Re: Hexadecimal

From: Kenneth Whistler (
Date: Fri Aug 15 2003 - 15:10:43 EDT

  • Next message: Jim Allan: "Re: Hexadecimal"

    Jull Ramonsky asked:

    > Thoughts anyone?

    Well, yes...

    > If the semantic difference between (for example) uppercase D and
    > mathemematical bold uppercase D was considered sufficiently great so as to
    > require a new codepoint, then I am tempted to wonder if the same might be
    > considered true of hexadecimal digits.


    > So far as I can see, every
    > single character in the "3AD29" string should be in general category N*
    > (either Nd or Nl).

    No. Doing so would trash other processing. And it would force the
    disunification you are suggesting, which would have not actually
    have the effect of helping anyone process these hexadecimal strings,
    but would instead break all existing implementations of them.

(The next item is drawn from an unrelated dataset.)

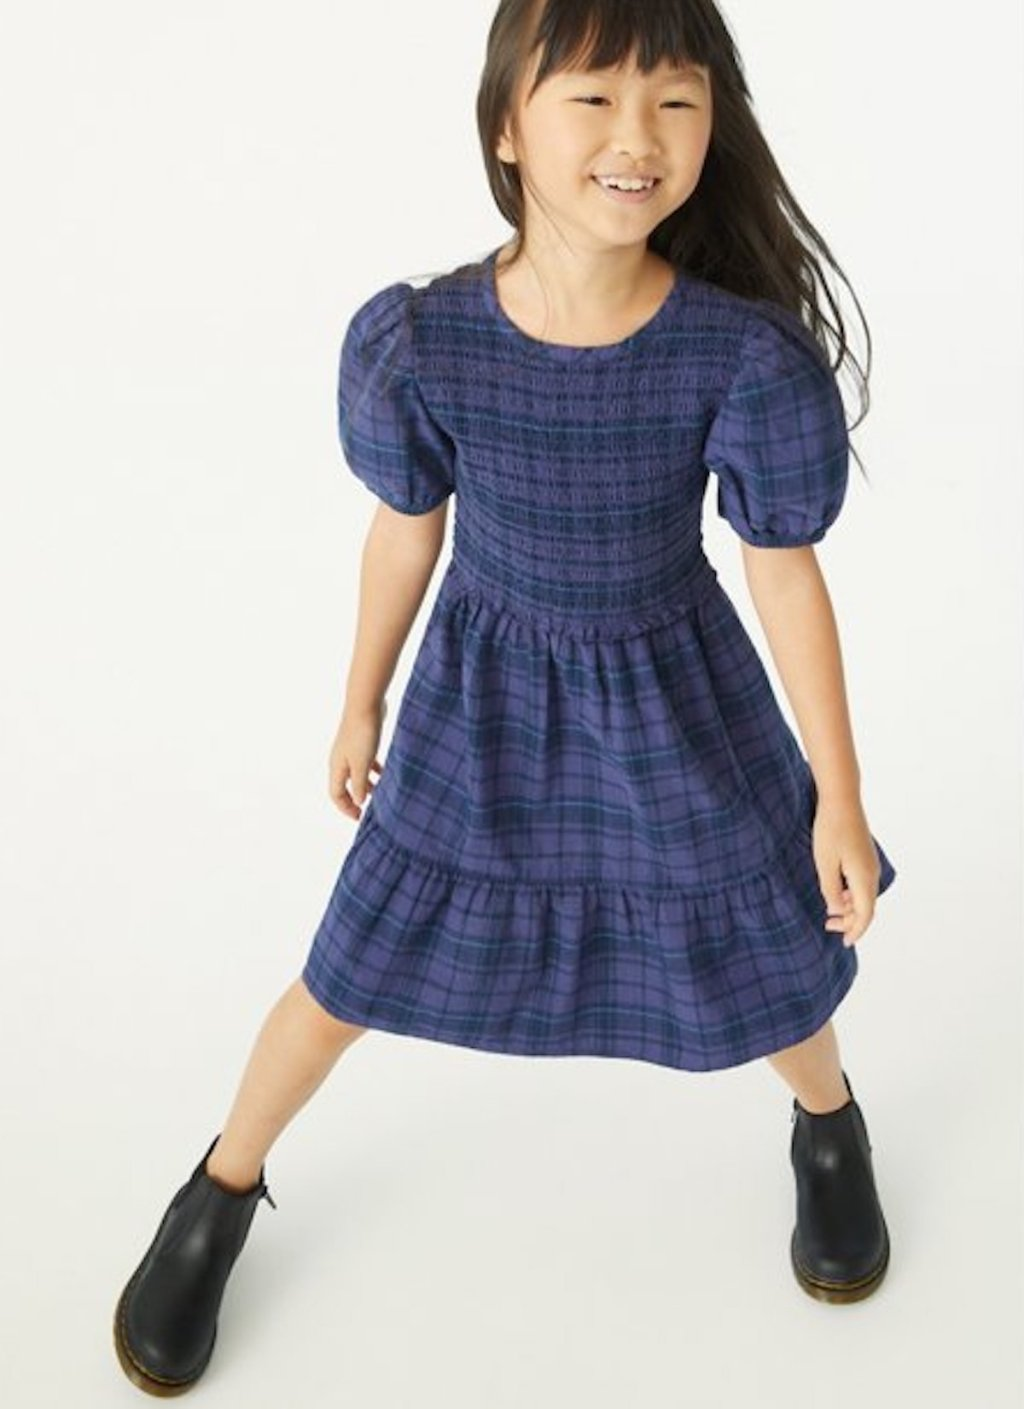 stock photo of girl wearing purple plaid dress
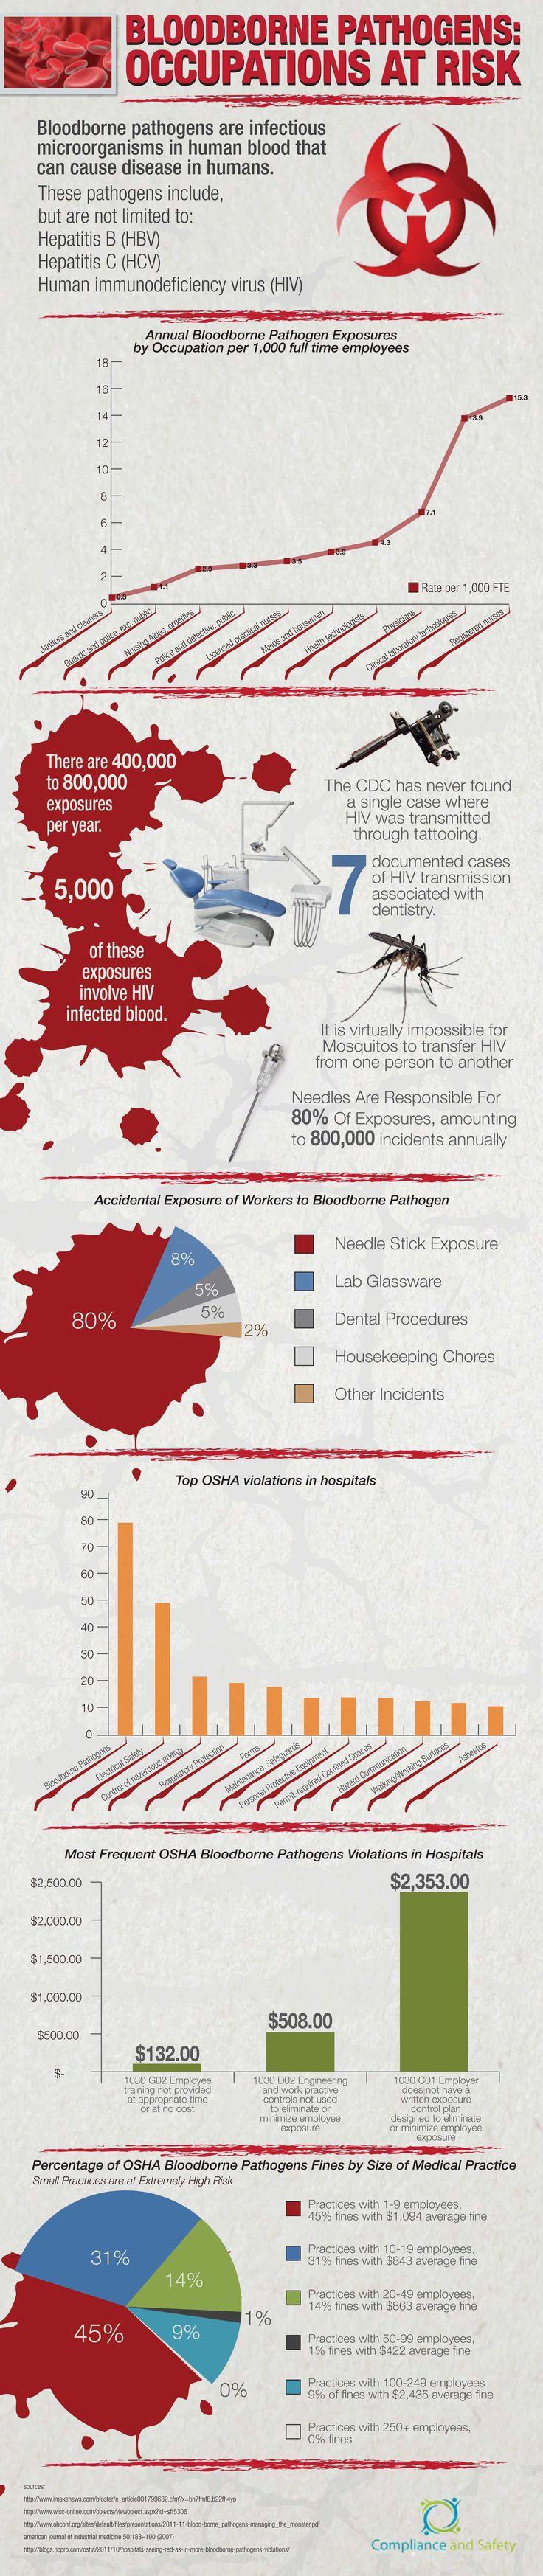 Bloodborne Pathogens: Occupations at Risk

    > Sure, you can tell them apart by context, in most circumstances, in the same
    > way that you can tell the difference between a hyphen and a minus sign by
    > context, but since the meanings are so clearly distinct, I wonder if there
    > is a case for distinguishing hex digits from letters without requiring
    > context.

    Sure there is a case for it, but not for breaking the existing
    encoding to do so.

    > I notice that there are Unicode properties "Hex_Digit" and "ASCII_Hex_Digit"
    > which some Unicode characters possess. I may have missed it, but what I
    > don't see in the charts is a mapping from characters having these property
    > to the digit value that they represent.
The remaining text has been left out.